A list is made of many parts (each part is a dedicated block of memory allocated to store a certain number of list elements):

typedef struct ngx_list_part_s  ngx_list_part_t;
struct ngx_list_part_s {
    void             *elts;
    ngx_uint_t        nelts;
    ngx_list_part_t  *next;
};

elts - pointer to the memory where the elements of the list stored in this part are located.
nelts - the number of elements actually stored in this part
next - pointer to the next part

So, a list is made of parts (minimum 1), each part actually storing the elements. A part has a length (number of elements it holds) and a pointer to the next part in the list (or NULL if it still has space available to receive new elements). All parts have the same size (they can hold the same number of elements - namely ngx_list_t.nalloc).

2.3.2 Working with lists

2.3.2.1 Creation

Lists are created using:

ngx_list_t *ngx_list_create(ngx_pool_t *pool, ngx_uint_t n, size_t size);

size - the size of one element,
n - number of elements each part can hold,
pool - a pool used to allocate memory for the list
result - a pointer to the newly created list or NULL if allocation failed

The function creates a new list and initializes it: it allocates memory for itself but also for the first part of the list and the elements this first part will hold.

2.3.2.2 Initialization

If the memory for the ngx_list_t is already allocated (typically on the stack) and you just want to allocate memory for its elements, you should use ngx_list_init:

static ngx_inline ngx_int_t ngx_list_init(ngx_list_t *list, ngx_pool_t *pool, ngx_uint_t n, size_t size)
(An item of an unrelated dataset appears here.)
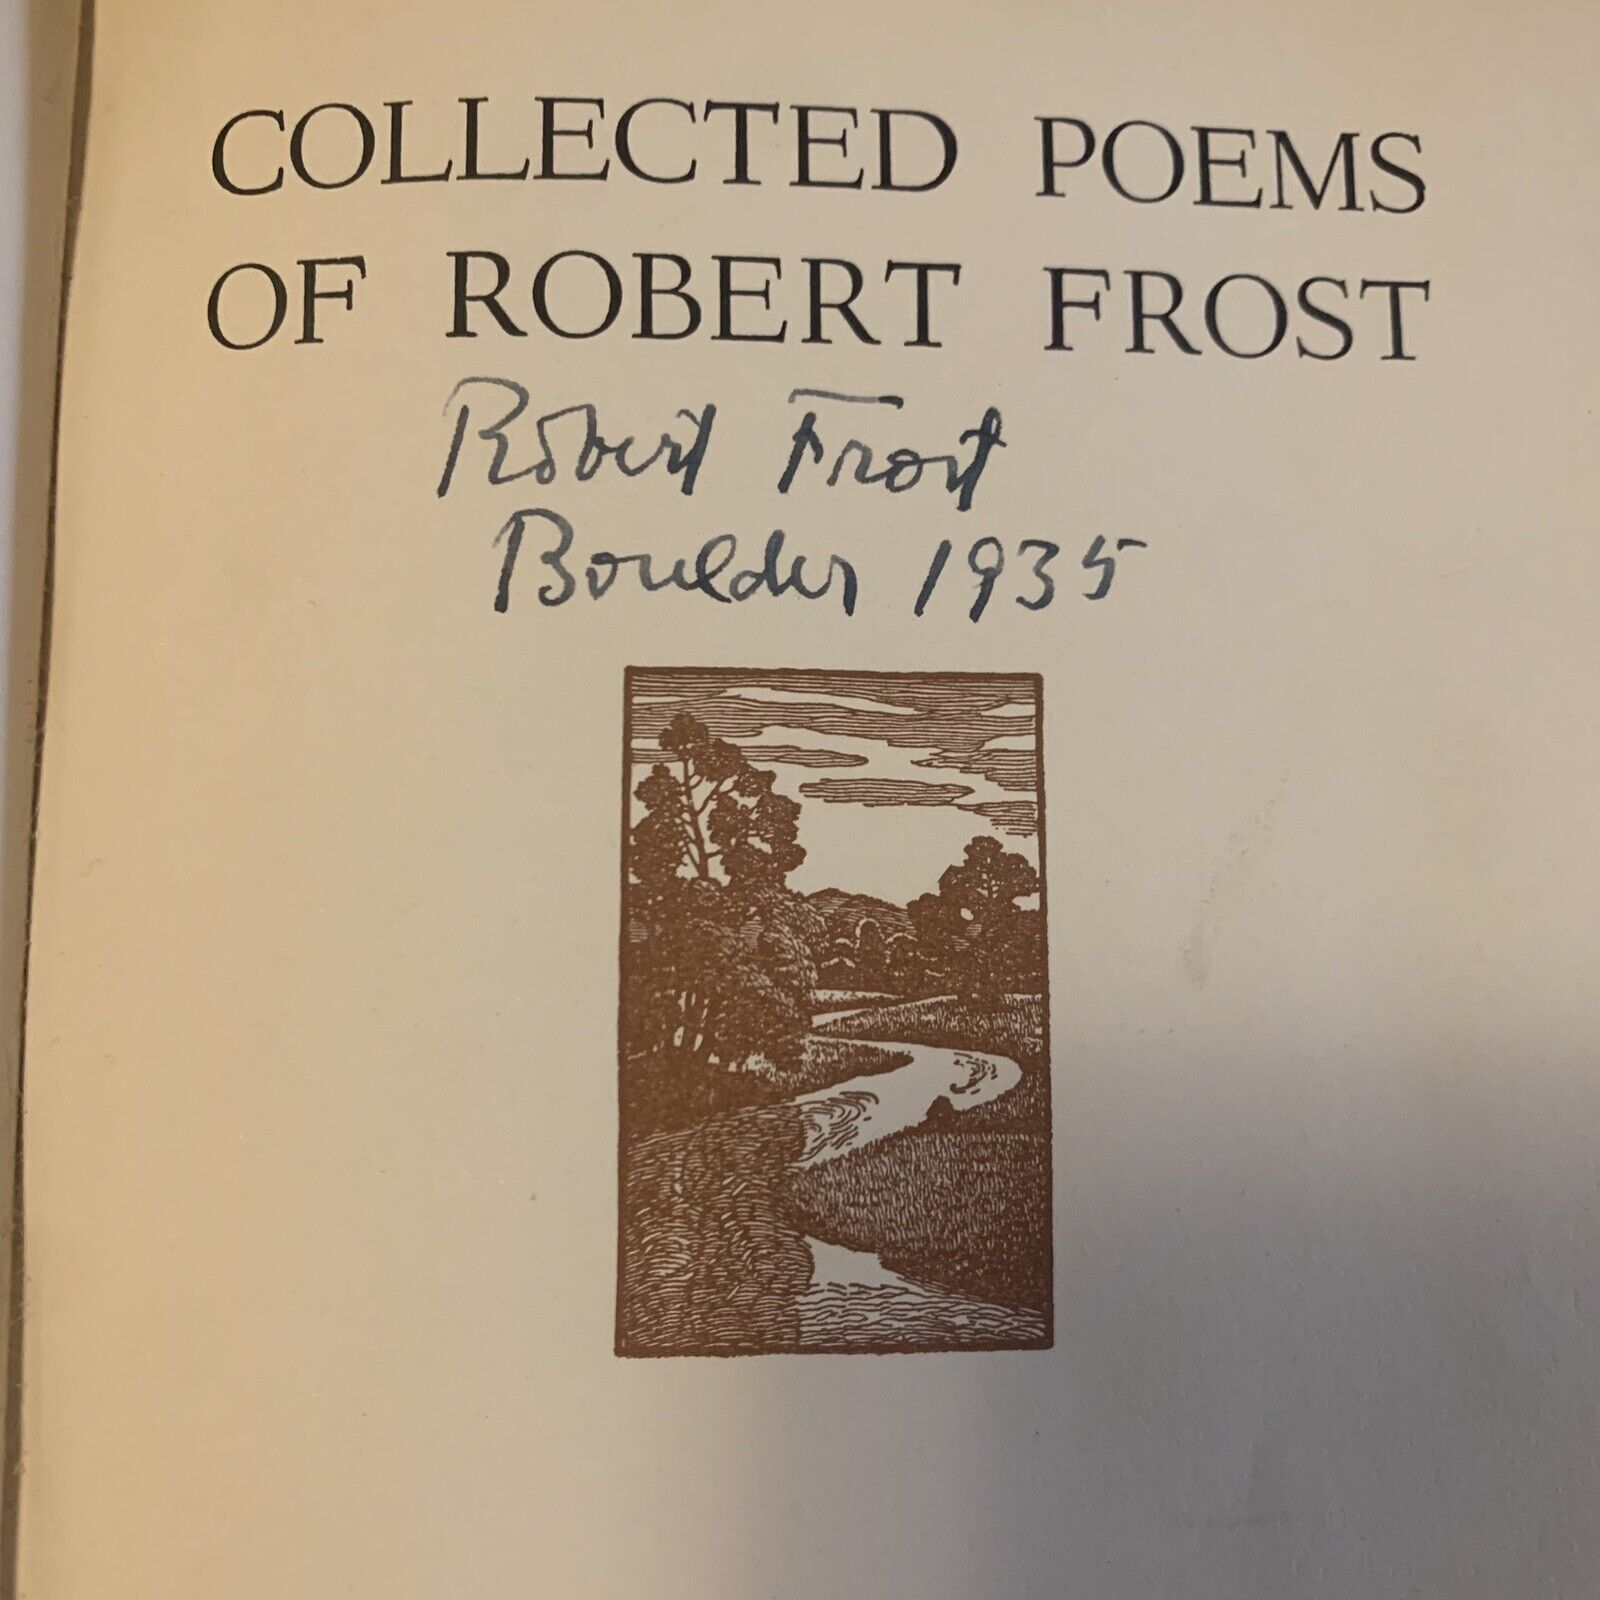 Collected Poems of Robert Frost - Signed “Robert Frost - Boulder 1935” HC 1930

Its parameters are similar to the parameters of ngx_list_create, except for the first which is a pointer to the list that should be initialized (or reinitialized). The function returns NGX_OK in case of success and NGX_ERROR otherwise.

The function is not safe: if you use it to reinitialize any existing list, it will initialize it and as a consequence lose all the old data.

2.3.2.3 Adding elements

Elements are added using:

void *ngx_list_push(ngx_list_t *list);

list - a pointer to the list where the item is to be added;
result - a pointer to the added element (actually a pointer to a location in the last part where you can record). It's up to the caller to cast this to the appropriate type.
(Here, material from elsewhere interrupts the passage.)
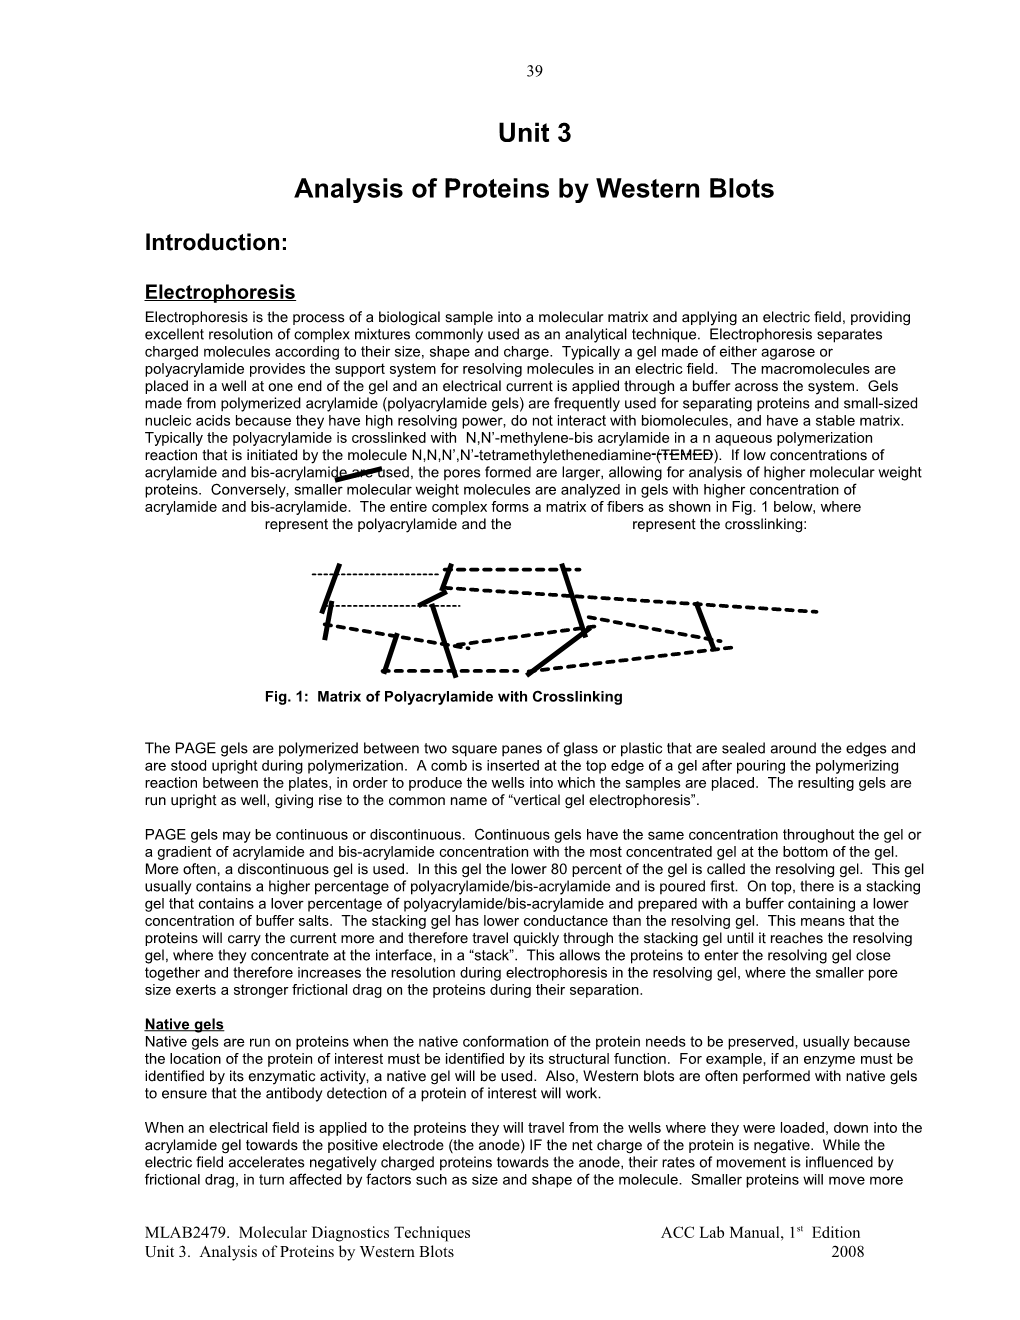 Analysis of Proteins by Western Blots

If the last part is full, a new one is created and the function returns a pointer to the first element of the newly created part.

2.3.2.4 Browsing the list

To navigate through the list you can use this code:

    part = &list.part;
    data = part->elts;
    for (i = 0 ;;i++) {
        if (i >= part->nelts) {
            if (part->next == NULL) { break; }
            part = part->next;
            data = part->elts;
            i = 0;
        }
        /* use element of list as data[i] */
    }

Replace the comment with your own code, using data[i] as the value of the current element in the list.

2.3.2.5 Example

This function fills a list with integer 0 to 9 and sums them:

void ngx_list_sample_using(ngx_http_request_t *r) {
    ngx_list_t       list;
    ngx_uint_t       i;
    ngx_list_part_t *part;
    ngx_uint_t      *list_element;
    ngx_uint_t      *sum = 0;
    /* inits list (as opposed to create it) as it is allocated on stack. */
    if (ngx_list_init(&list, r->pool, 5, sizeof(ngx_uint_t)) == NGX_ERROR) { return; }
    /* fills list with values 0 to 9 */
    for (i = 0; i < 10; i++) {
        /* add one element to list */
        list_element = ngx_list_push(&list);
        if (list_element == NULL) { return; }
        /* sets element to i */
        *list_element = i;
    }
    part = &list.part;
    data = part->elts;
    /* loops through all elements as seen before */
    for (i = 0 ;;i++) {
        if (i >= part->nelts) {
            if (part->next == NULL) { break; }
            part = part->next;
            data = part->elts;
            i = 0;
        }
        /* adds current element to sum */
        sum += data[i];
    }
    /* here sum is 45 */
}

2.4 Buffer management and queuing

2.4.1 Buffer Management

Buffers are used to track the progress of reception, transmission and processing of data.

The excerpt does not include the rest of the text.